As you print the data below, keep every line exactly as it is and leave the images behind.

=== Source data ===
┌──

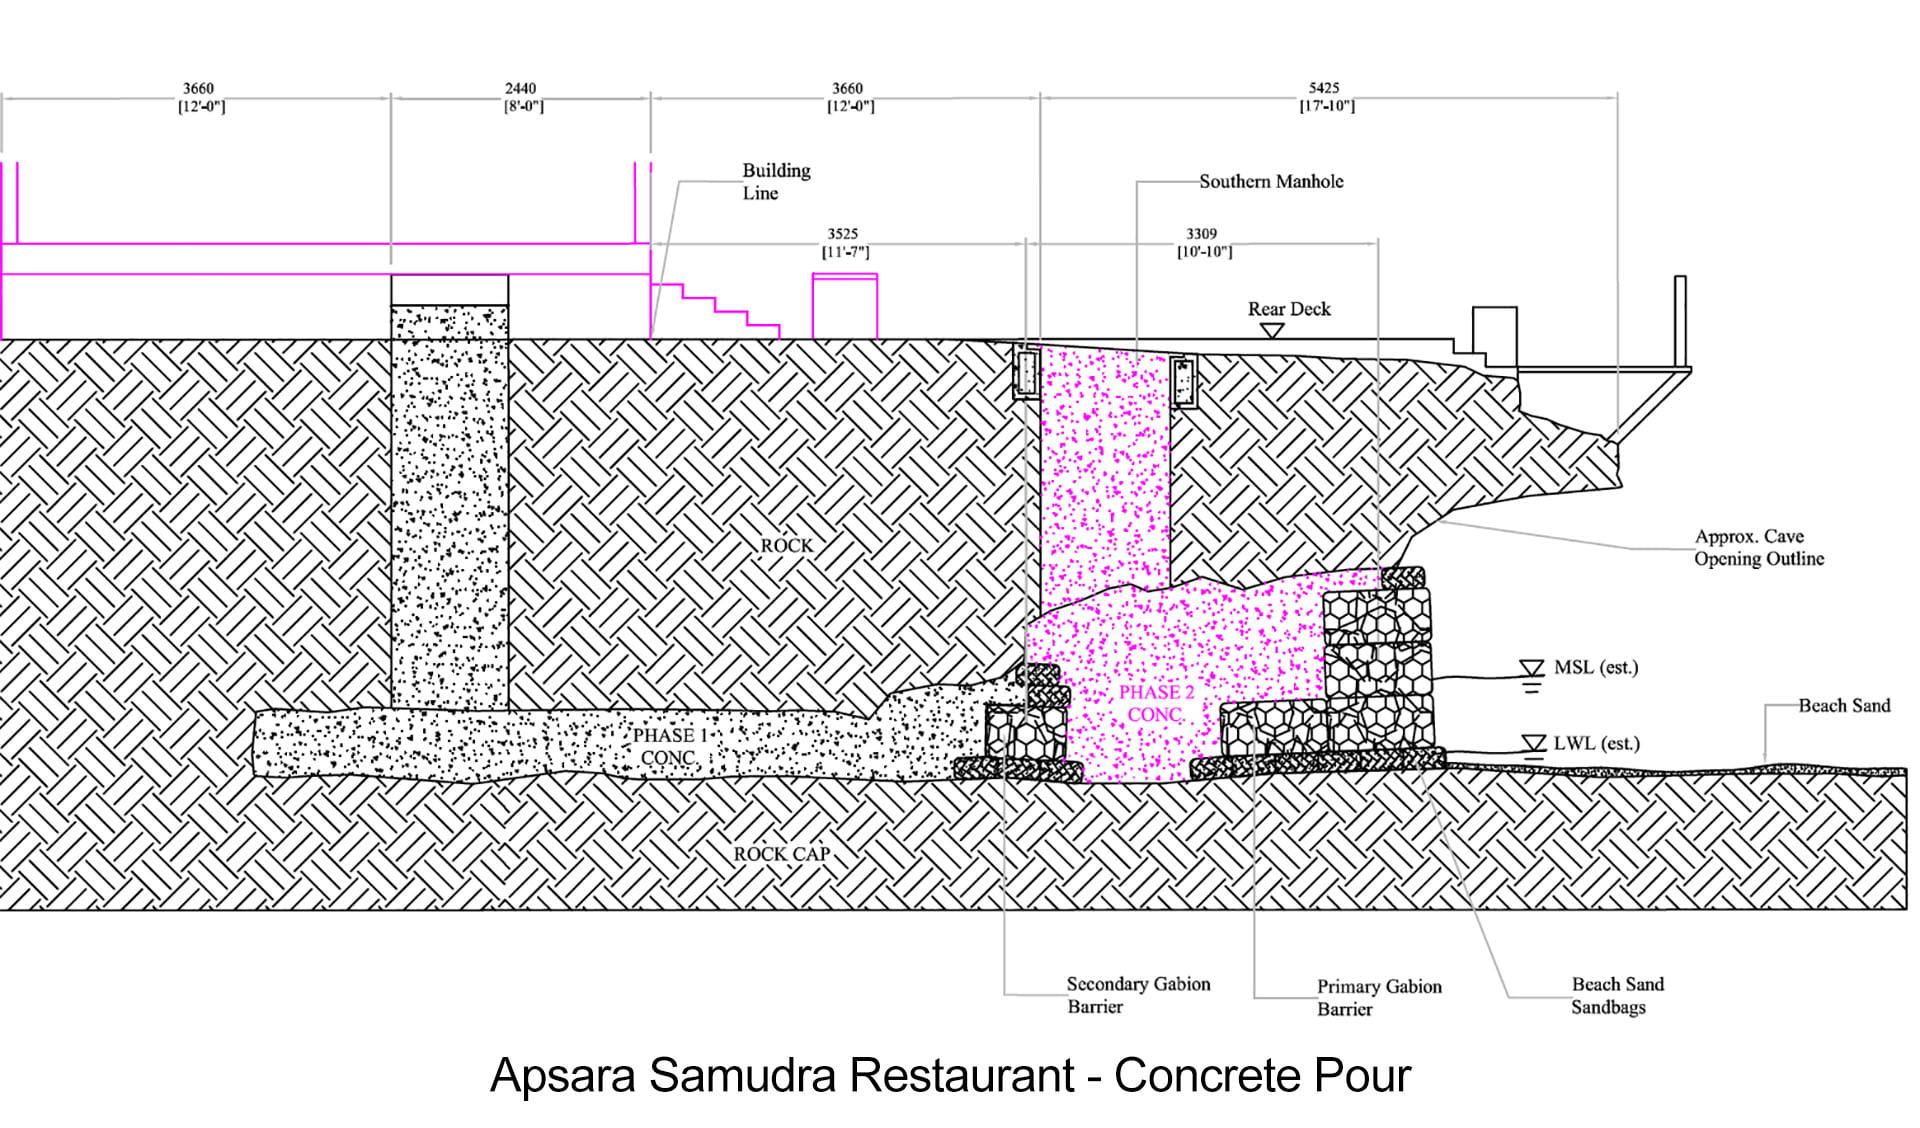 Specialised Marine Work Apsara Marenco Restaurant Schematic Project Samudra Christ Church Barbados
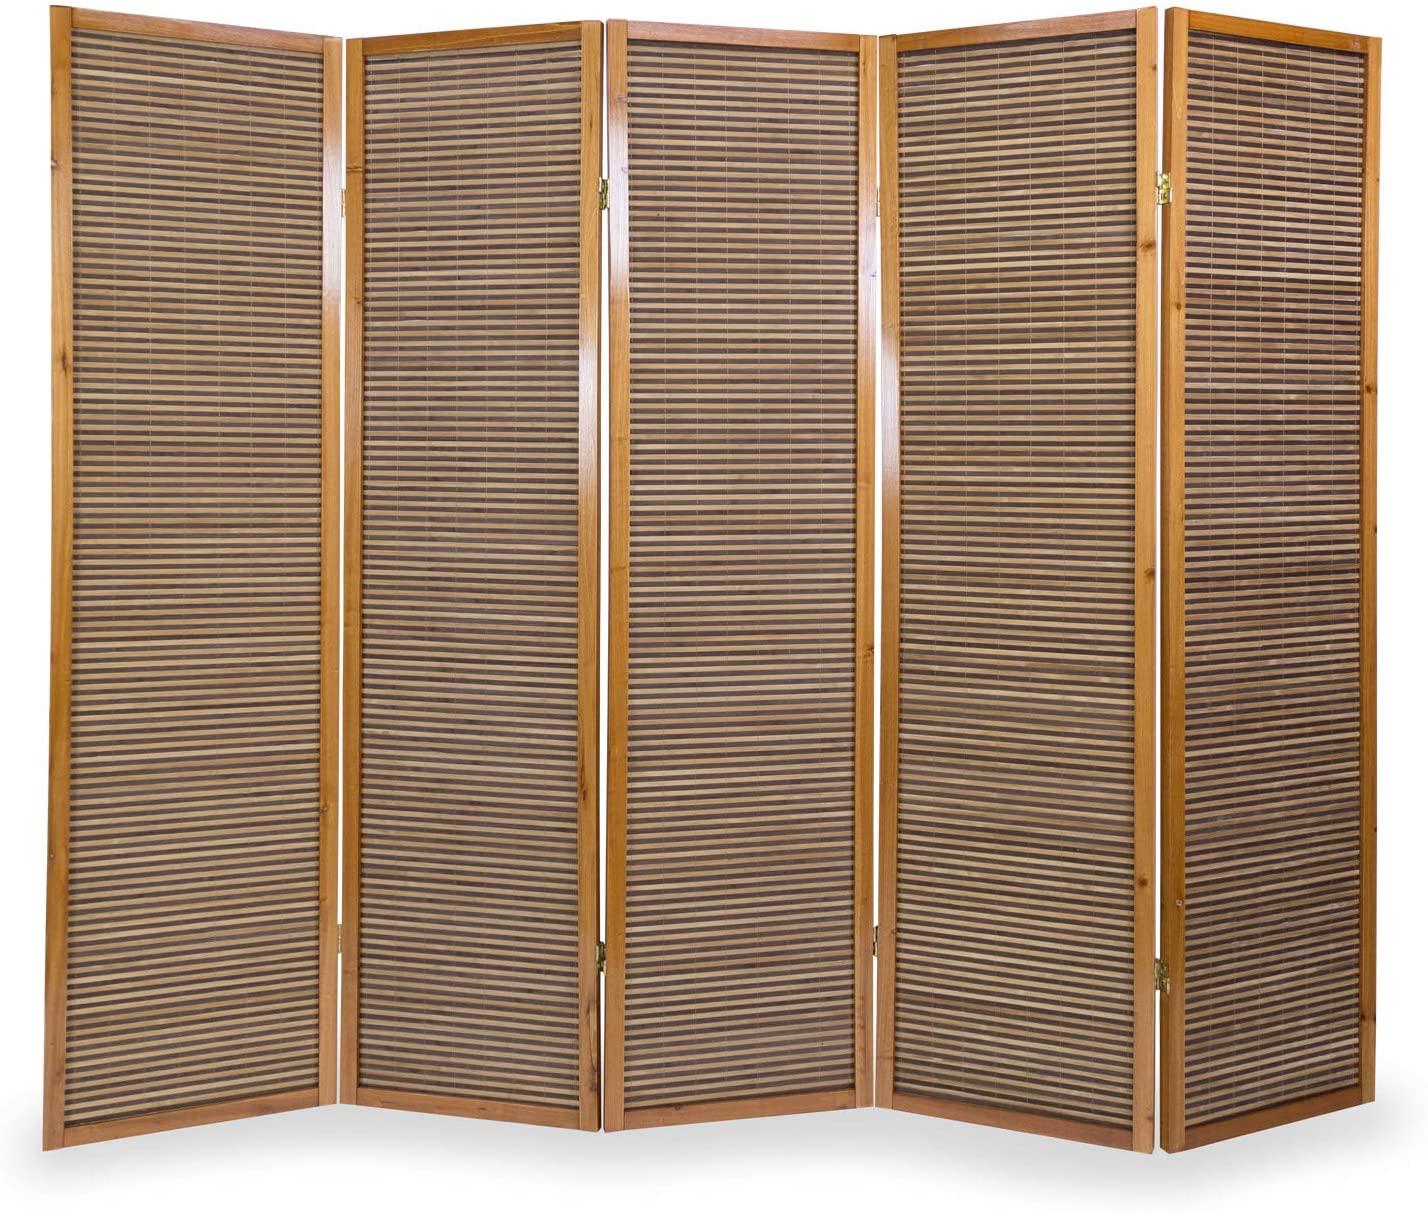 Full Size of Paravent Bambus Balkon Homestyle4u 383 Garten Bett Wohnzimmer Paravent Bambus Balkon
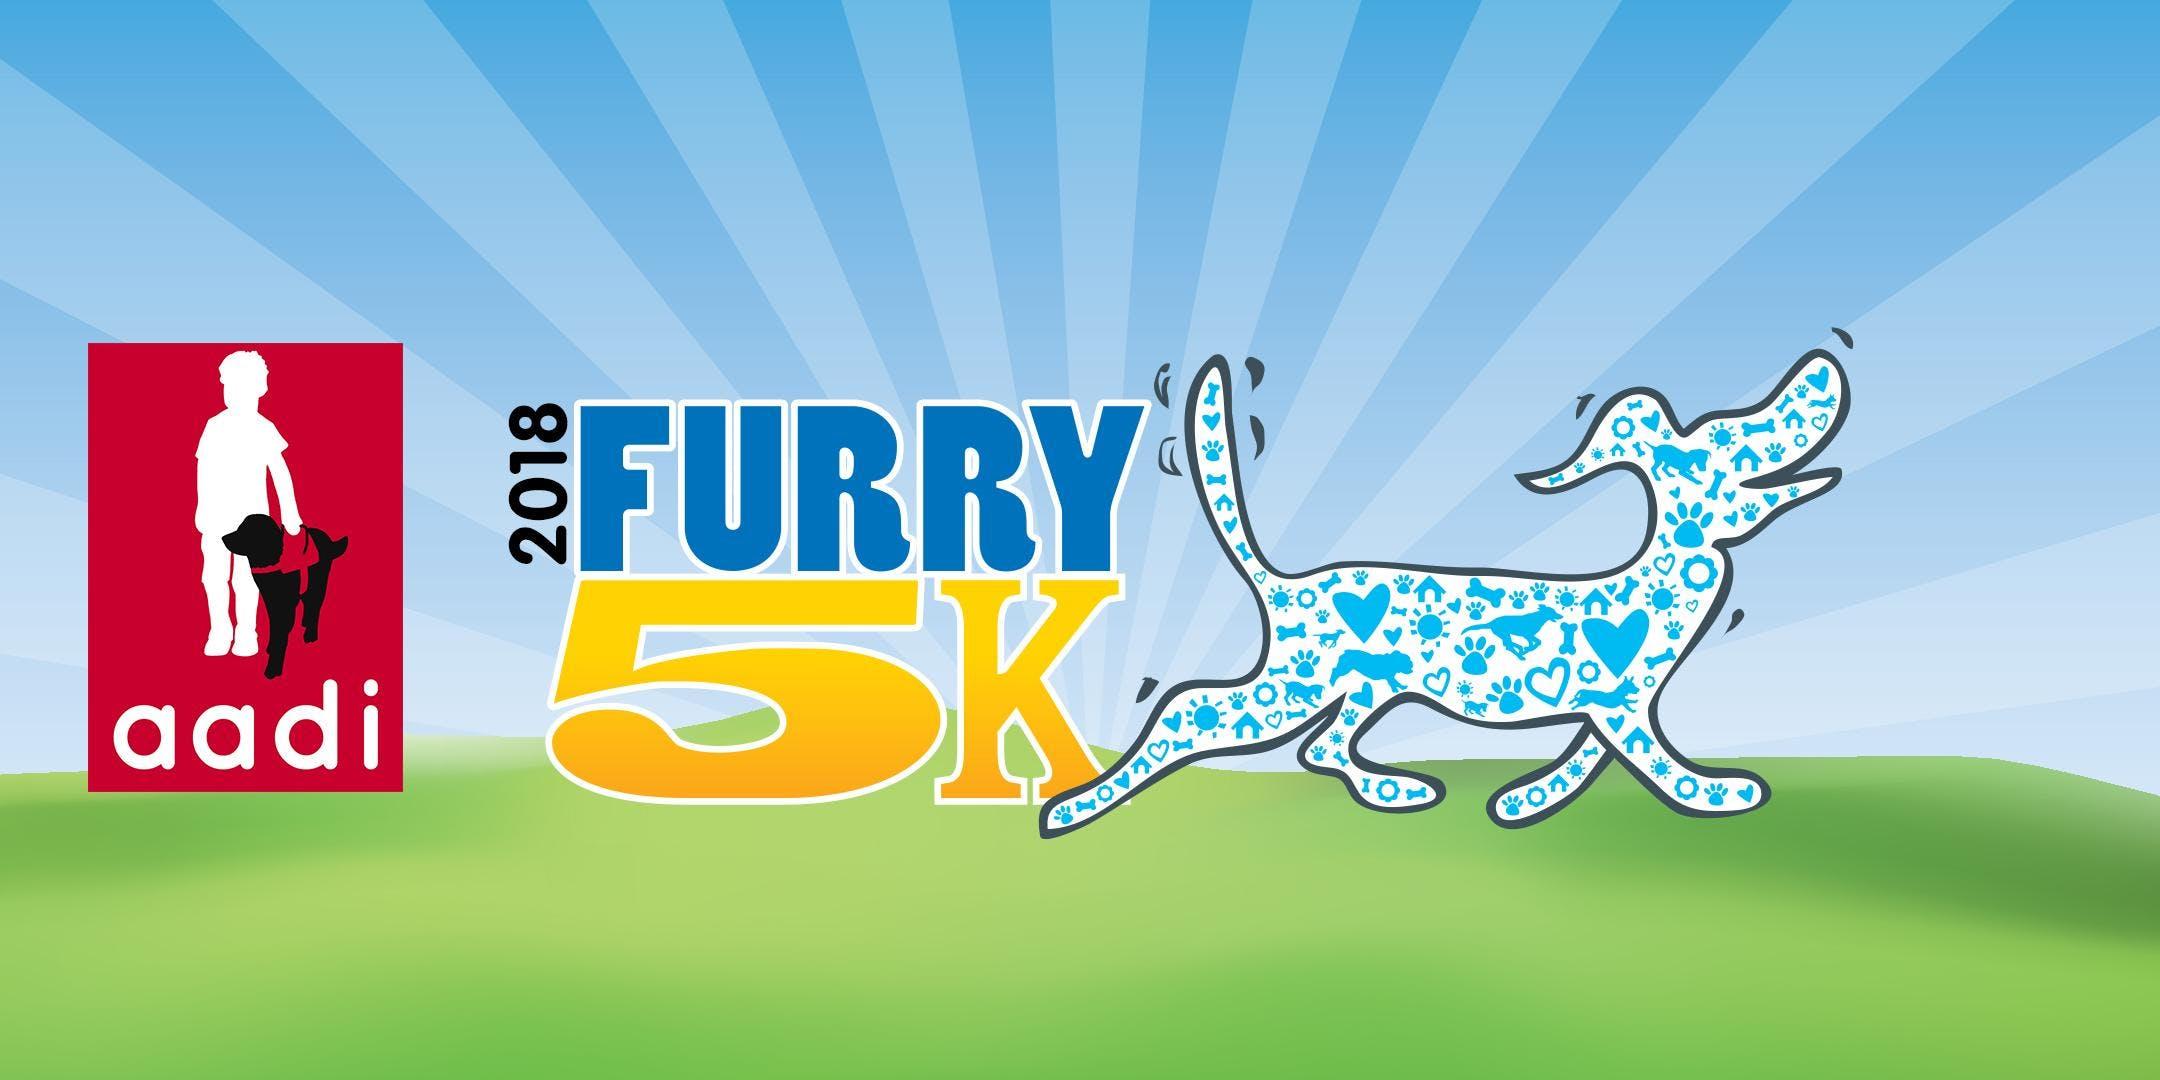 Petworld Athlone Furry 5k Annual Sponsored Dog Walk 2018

└──

=== Response area ===
 Specialised Marine Work Apsara Marenco Restaurant Schematic Project Samudra Christ Church Barbados
 Full Size of Paravent Bambus Balkon Homestyle4u 383 Garten Bett Wohnzimmer Paravent Bambus Balkon
 Petworld Athlone Furry 5k Annual Sponsored Dog Walk 2018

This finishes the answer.